Decreasing 53BP1 binding to chromatin reduces the survival benefit from multifractionated radiotherapy
Chromatin modifications promote 53BP1 accumulation at DSB sites. Stable binding of 53BP1 to nucleosomes necessitates dual recognition of ubiquitylated H2A (H2A-K13/K15) and di-methylated H4 (H4-K20me2). In response to DSBs, the E3 ubiquitin ligases RNF8 and RNF168 catalyze H2A ubiquitylation while the bromodomain (BET) protein BRD2 facilitates access to H4-K20me2 (8,9). Corroborating the key role of 53BP1 in promoting enhanced survival after MF irradiation, we found that loss of RNF8 or RNF168 strongly decreased the survival benefit of fractionation and in parallel diminished the difference in residual γH2AX foci after SD and MF irradiation (Figure 3A, B). Similarly, inhibition of BET proteins by JQ1 resulted in concentration-dependent reductions in both 53BP1 foci formation and survival benefit after MF, such that identical survival rates were observed when cells were irradiated in the presence of 0.5 μM JQ1 (Figure 3C). Consistent with this, co-treatment with 0.5 μM JQ1 resulted in comparably high levels of residual γH2AX foci following both MF and SD irradiation (Figure 3D), which was reminiscent of the effect seen upon 53BP1 deletion (Figure 2C). Thus, 53BP1 chromatin binding is essential for enhanced cell survival after multifractionated radiotherapy.
53BP1 uses RIF1 to channel DNA repair into NHEJ after multifractionated radiotherapy
53BP1 engages its downstream effectors PTIP and RIF1 through phosphorylation-mediated binding (15). The phospho-epitope for PTIP interaction has been unequivocally mapped to serine 25, while no single phospho-site has been assigned for RIF1 (15,35). Unlike complete loss of 53BP1, mutating 53BP1 serine 25 to alanine (S25A) did not abolish the survival benefit after multifractionated radiotherapy (Figure 4A, B). Similar observations were made in PTIP-deficient MEF (Figure 4A, B). By contrast, conditional deletion of RIF1 by Cre recombinase completely abolished the survival benefit of fractionation (Figure 4C, D) and increased residual γH2AX foci after MF to levels similar to SD irradiation (Figure 4E). MF irradiation-induced G2 accumulation at the expense of S-phase in both Rif1fl/fl and Rif1fl/fl+Cre MEF (Supplementary Figure S5), suggesting that cell cycle redistribution alone is not sufficient to explain why loss of RIF1 negated the survival benefit seen in MF irradiated RIF1-proficient cells. Importantly, survival benefit after MF irradiation was also absent in cells lacking Ku80 (Figure 4F). Thus, 53BP1-dependent survival after multifractionated radiotherapy is mediated through RIF1 and utilizes NHEJ as the predominant DSB repair mechanism.

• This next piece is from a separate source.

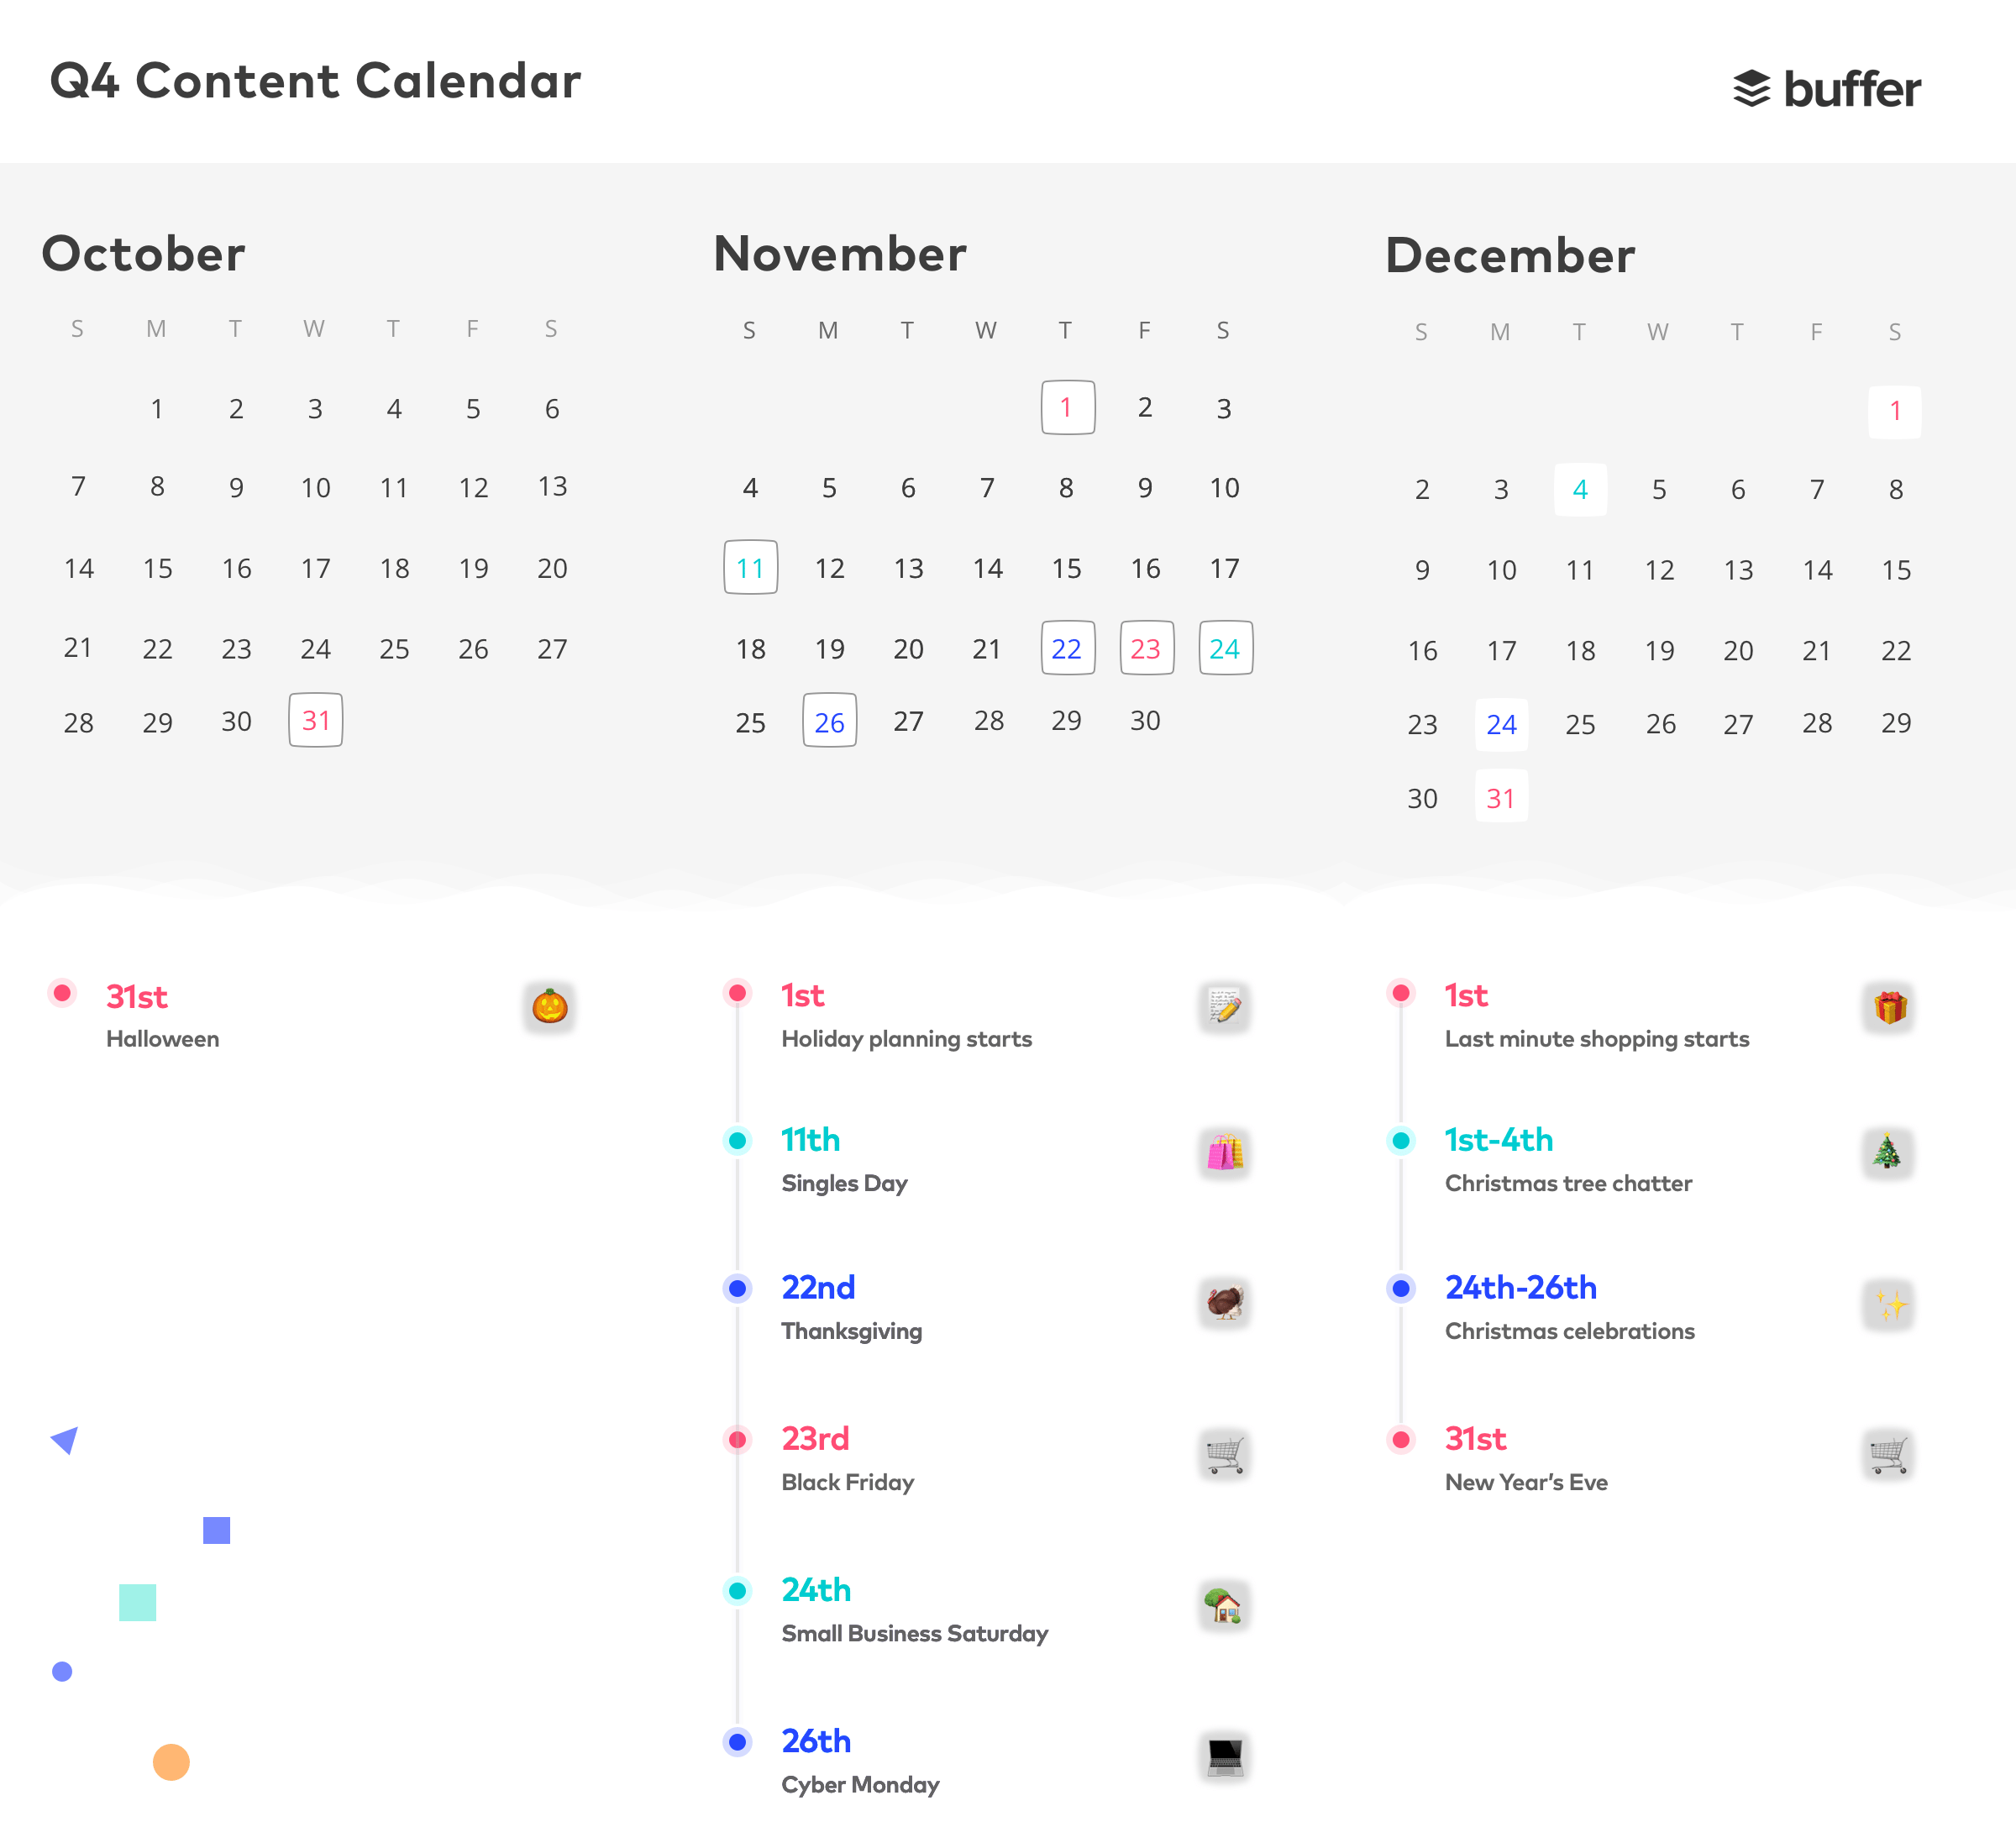 Q4 Content Calendar Important Dates and Campaign Ideas for Small

Inhibiting end resection in 53BP1-deficient cells does not restore survival benefit after multifractionated radiotherapy
53BP1 and BRCA1 have been shown to reciprocally modulate end resection (12,20). While deletion of 53BP1 largely rescues end resection and HR in BRCA1 deficient cells, it is not clear whether loss of BRCA1 function would restore NHEJ in cells lacking 53BP1. As shown in Figure 5A, although MEF expressing mutant BRCA1 (Brca1Δ11) exhibited a general increase in radiosensitivity, their survival after MF irradiation was nevertheless elevated compared to SD irradiation, with an MF/SD ratio even higher than WT MEF (Figure 5A, B). This is likely due to increased 53BP1-dependent DNA repair in cells lacking functional BRCA1 (20). Interestingly, cells deficient in both BRCA1 and 53BP1 showed no survival benefit after MF irradiation, behaving identically to 53bp1−/− MEF (Figure 5A–C). To note, Brca1Δ11 and 53bp1−/− MEF showed similar cell cycle profiles after MF irradiation (Supplementary Figure S6A), which were quite different from either WT or 53bp1−/−Brca1Δ11 MEF (Supplementary Figures S4B, S6B). These data reinforced the notion that cell cycle control likely played no major role in the observed survival effects. Abolition of 53BP1/RIF1 function enables enhanced end resection driven by CtIP (36). However, depletion of CtIP also failed to restore survival benefit cells with impaired 53BP1 signaling after MF irradiation, although it did increase cellular radiosensitivity to both MF and SD irradiation (Figure 5D). Finally, we found that inactivating BRCA1 did not ameliorate the severe CSR defect in 53bp1−/− and Rnf168−/− B cells (Supplementary Figure S6C). Thus, reducing end resection, cannot rescue 53BP1-dependent NHEJ.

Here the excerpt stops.